┌────────

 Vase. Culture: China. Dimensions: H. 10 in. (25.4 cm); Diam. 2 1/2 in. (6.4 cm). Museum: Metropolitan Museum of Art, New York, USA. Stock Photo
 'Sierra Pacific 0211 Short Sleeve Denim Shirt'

└────────
┌────────

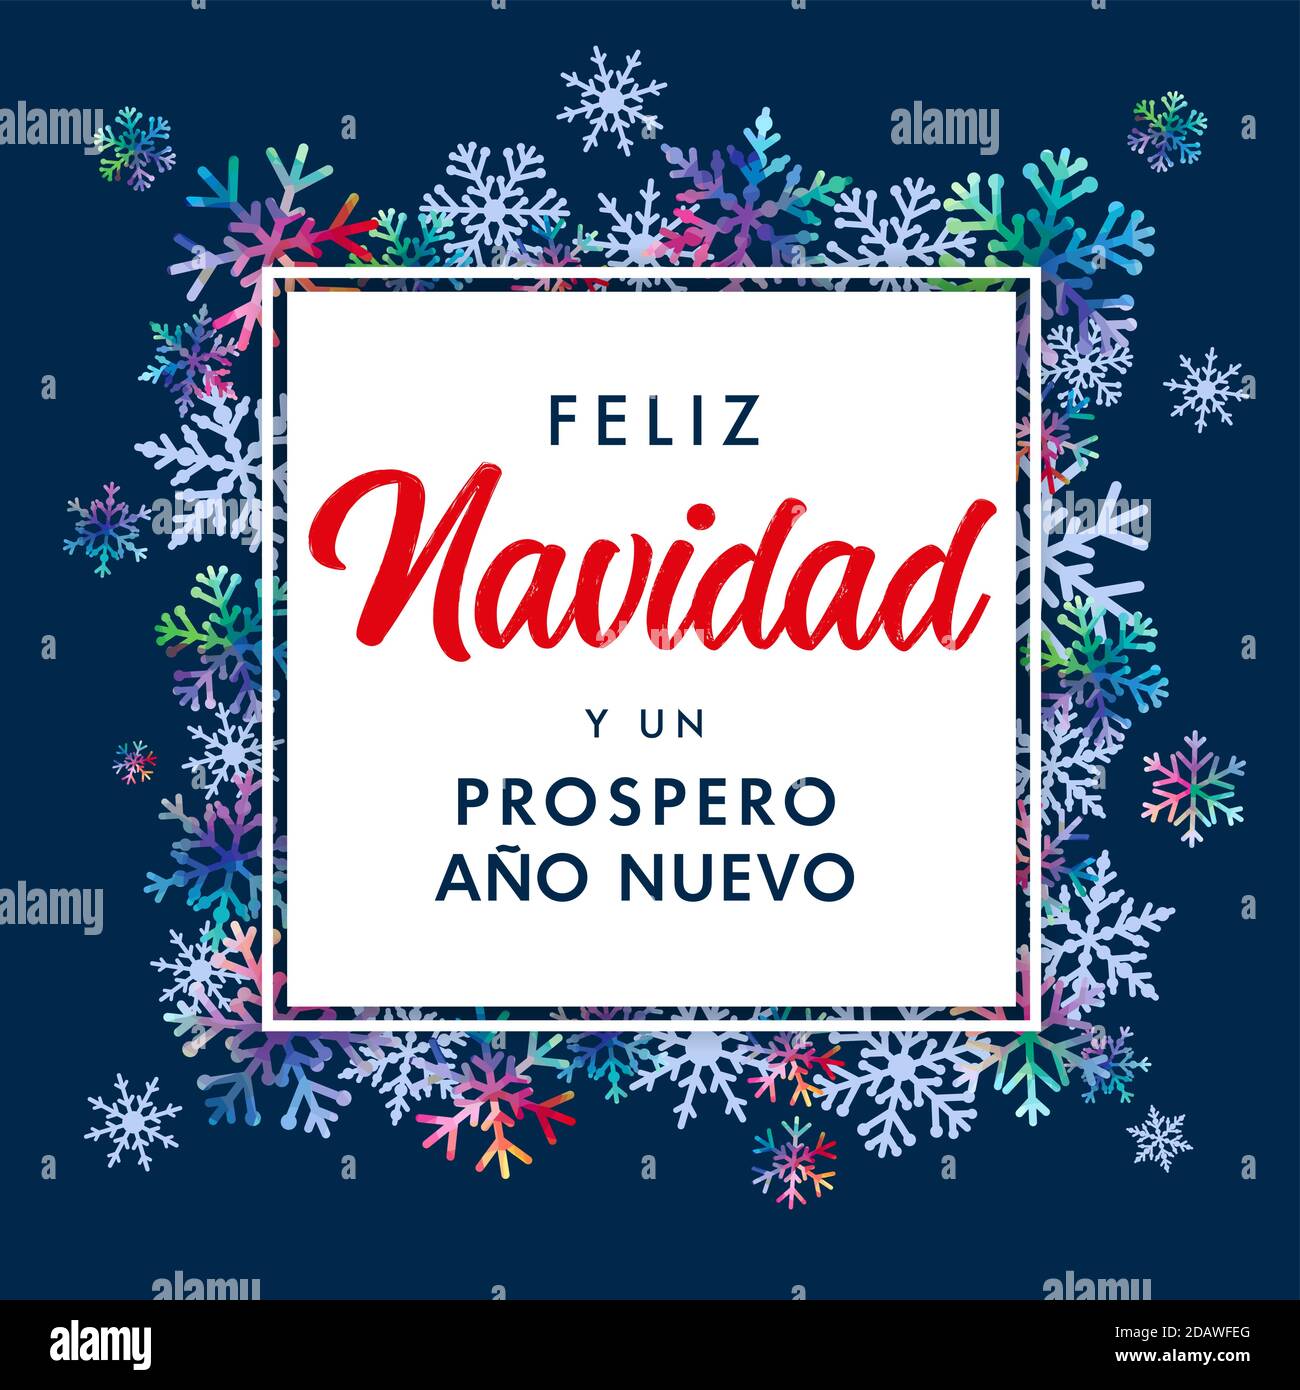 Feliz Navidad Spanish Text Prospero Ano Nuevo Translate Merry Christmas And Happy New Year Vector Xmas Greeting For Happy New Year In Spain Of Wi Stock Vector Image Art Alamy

└────────
┌────────

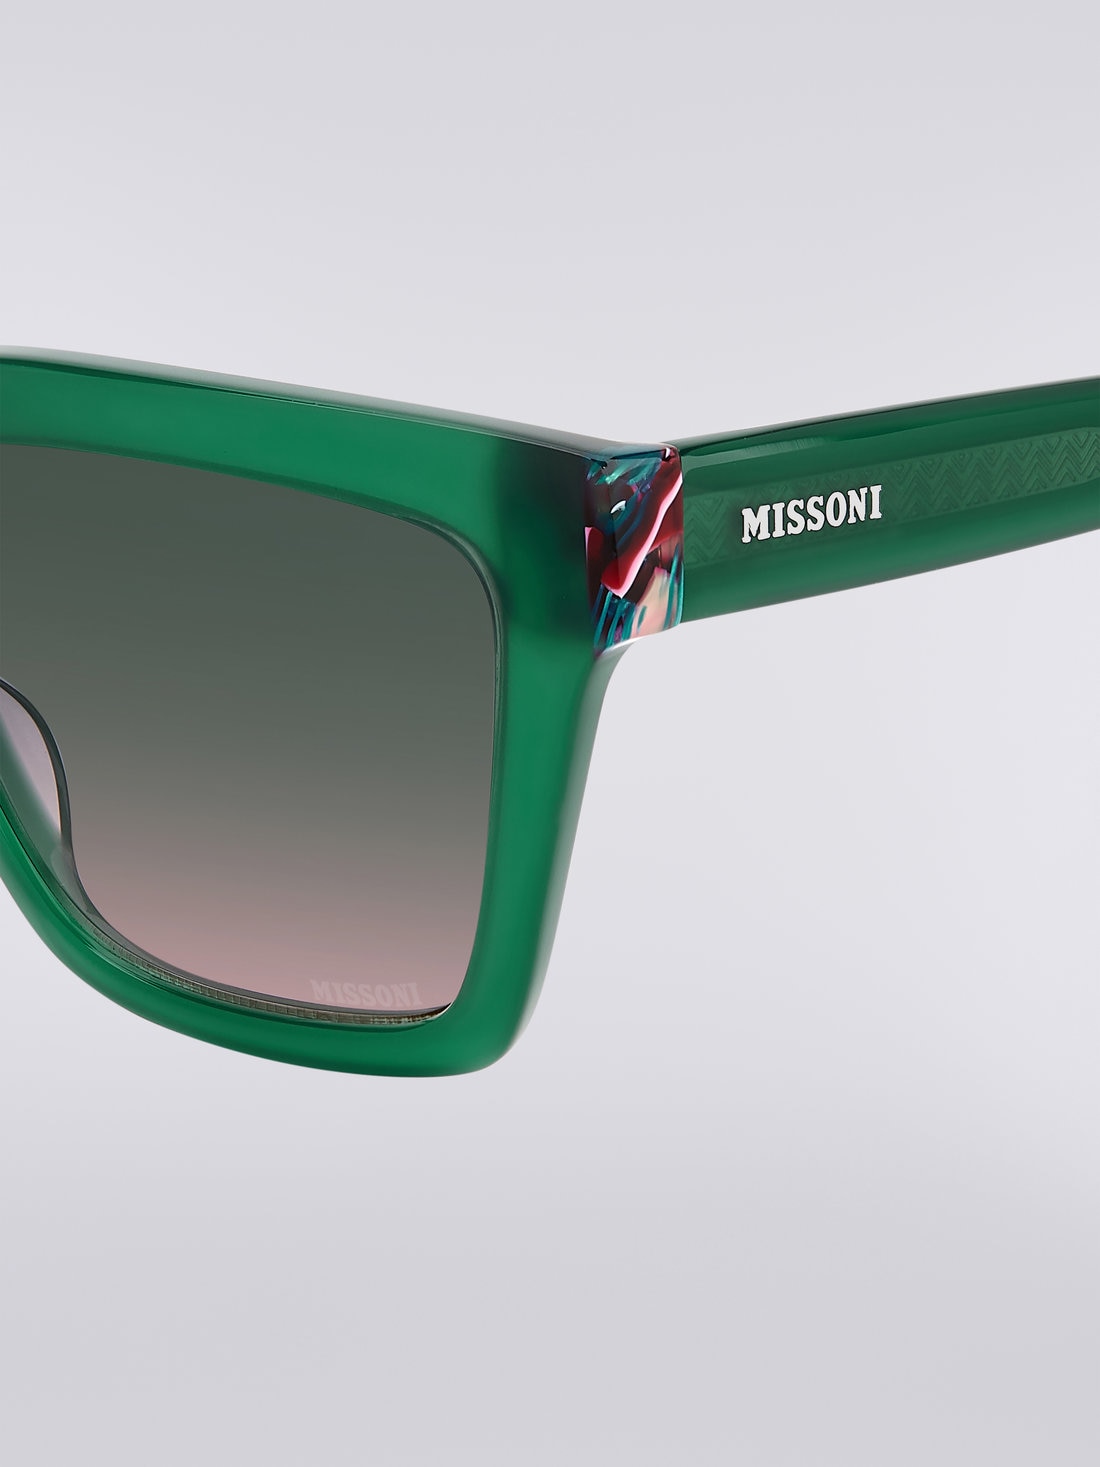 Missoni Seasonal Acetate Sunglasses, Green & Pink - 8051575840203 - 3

└────────

*THE PROBLEM*: For this exercise, output exactly the lines above from the line with "Vase. Culture: China." to the line with "Sleeve Denim Shirt'", counting both, and leave out the rest.

*ANSWER SECTION*:
 Vase. Culture: China. Dimensions: H. 10 in. (25.4 cm); Diam. 2 1/2 in. (6.4 cm). Museum: Metropolitan Museum of Art, New York, USA. Stock Photo
 'Sierra Pacific 0211 Short Sleeve Denim Shirt'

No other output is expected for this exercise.